The first ProductCampBoston was a great event today. About 100 people turned out to share information and best practices. I learned a lot. Thanks to the leading organizers Todd, Brooks and Sasha, and the presenters. Here are a few photos. I enjoyed making a lot of new contacts and look forward to continued networking & collaboration with you.
Created with Admarket's flickrSLiDR.
Summary of take-aways from the sessions I attended:
From Steve Johnson of Pragmatic Marketing on the Four Roles of PM:
When writing requirements - short is better. Writing requirements isn't like writing a will - you should expect be around to answer any questions that come up along the way.
You have to know and love the industry you are in to be a Product Manager.
The job of the PM is to be one of the "parents of the product." It's possible to be a single parent, but it's a lot harder when you have to do it on your own.
As a "parent of the product" our job is to "get the child ready to leave and rarely return." In other words, the PM is supposed to give Development, Sales, and Marcom enough information so they can answer their own questions.
From Bob Levy (Former BPMA President) on Requirements Management Best Practices:
Resource material on managing relationships and building trust:
Crucial Conversations: Tools for Talking When Stakes are High
Crucial Confrontations: Tools for talking about broken promises, violated expectations, and bad behavior
Contributors to Cognitive Distortion - (not seeing reality - or different people seeing reality differently)
The telephone game: messages get distorted when passed from one person to the next.
Over generalization: everyone does it. (duh!)
Recency effect: placing heavier reliance on recent information.
Observer expectancy: unconscious manipulation of results based on expectations.
Confirmation bias: trying to prove a point.
Status quo: resistance to change
Group think: going along
Projection bias: assuming that other share our own preferences.
Bob presented a systematic methodology for capturing, ranking and reviewing and maintaining requirements in three levels:
green: these are believable, attainable, committed requirements and should should include a description of the market problem, target customer, how it fits with the strategy, revenue estimate, co-requisites, political factors, win-loss history, development estimate.
yellow: these are unfunded stretch goals and should include a use case or scenario, ROI estimate, development effort/time SWAG.
red: future requirements, recommended only with additional investment, don't spend a lot of effort describing these because they aren't likely but should include a target customer.
Steve Haines of Sequent Marketing on Innovation;
Innovation is part of a strategy that enables taking chances while managing risks, focusing on the best return on investment, diversification through resource allocation.
Innovation requires
o Culture of ongoing investment in improvement
o Leadership nurturing an innovative environment
o Attitude mindset for managers and teams
o Process - integrated in new product development
Alyssa Dver of Mint Green Marketing: Seven Habits of Highly Successful PMs
1. PM's must know their products and their own limitations (clarified thanks to comment from Todd)
2. Listen first: start by asking, "tell me what you do."
3. Ask "why?", not "what?" Why to you need the product and how are you going to use it?
4. Decisive - based on market data - PM's make decisions with confidence when they have market data to back up their decisions.
5. Responsive: if people ask for information, if you can't respond right away, let them know when to expect a response.
6. Communicate concretely, frequently and concisely
7. Manage passion - you must be passionate, but not emotional better to be composed and display conviction based on concrete data than rely on emotional persuasion.

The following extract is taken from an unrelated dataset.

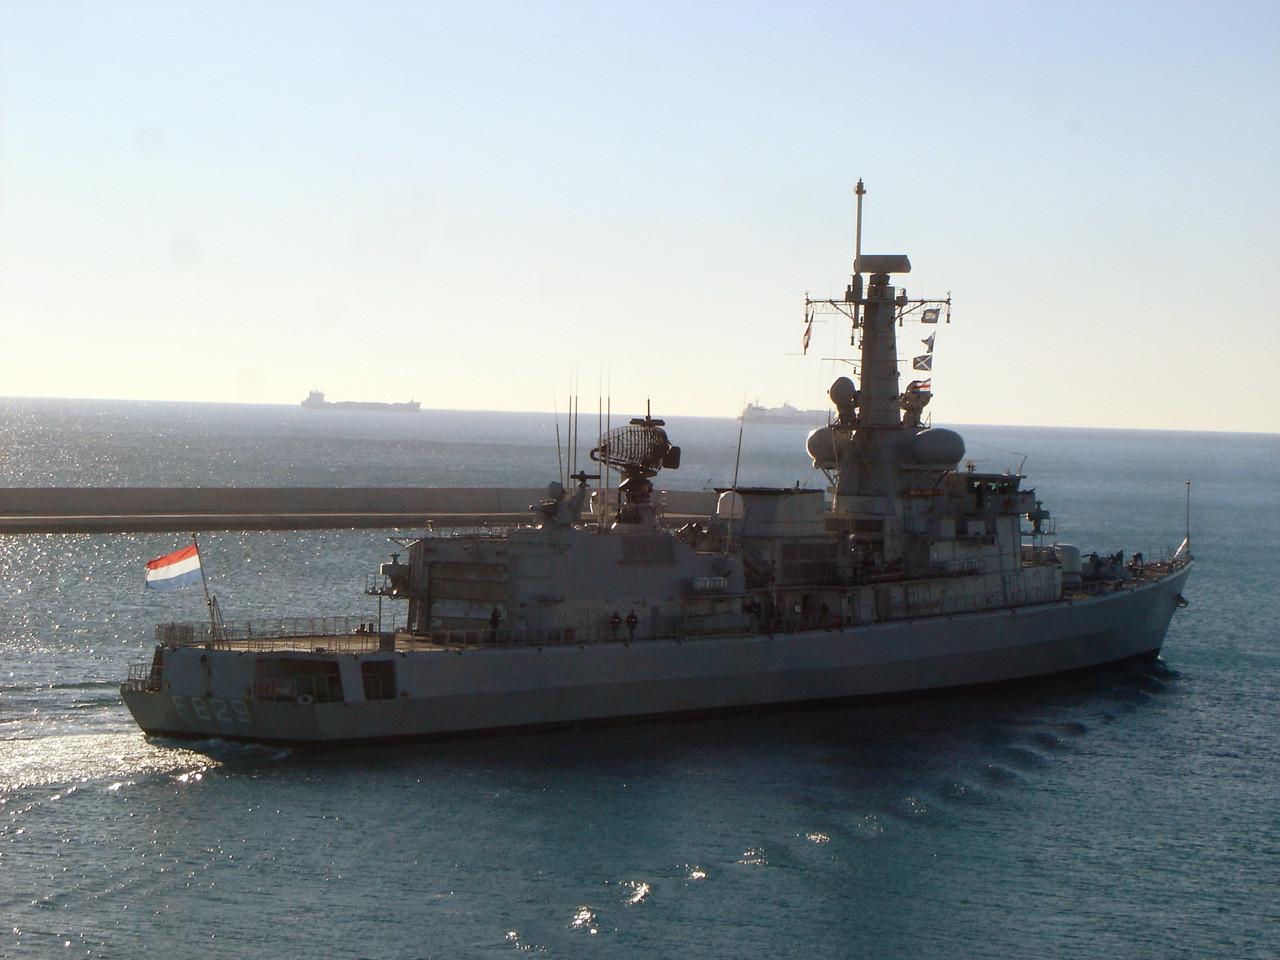 M-klasse fregatten (Karel Doorman M-class frigates) 162639

In summary an outstanding PM is:
A humble leader, careful, artful communicator and an avid student.
I asked Alyssa if she would add being organized and analytical as attributes of a PM, and she said yes, you need those skills, to perform at even a minimal level of competence, but they are not sufficient to make a PM outstanding.
Another recommended book: Portfolio Management for New Products - (thanks Cory!)
Thanks again to the presenters and participants for sharing their ideas and experience, and to the sponsors for making the day possible.
Closing note: One of my final activities at the end of my 2008 term as Director of Program Planning for BPMA was to champion approval for BPMA's co-sponsorship of this event. It took quite a bit of effort to establish consensus within the board on a package of financial and marketing resource support for ProductCamp. Helping to make this day happen ranks among my most satisfying experiences as a member of the BPMA Board. Thanks especially to my former fellow BPMA board members who supported PCampBoston.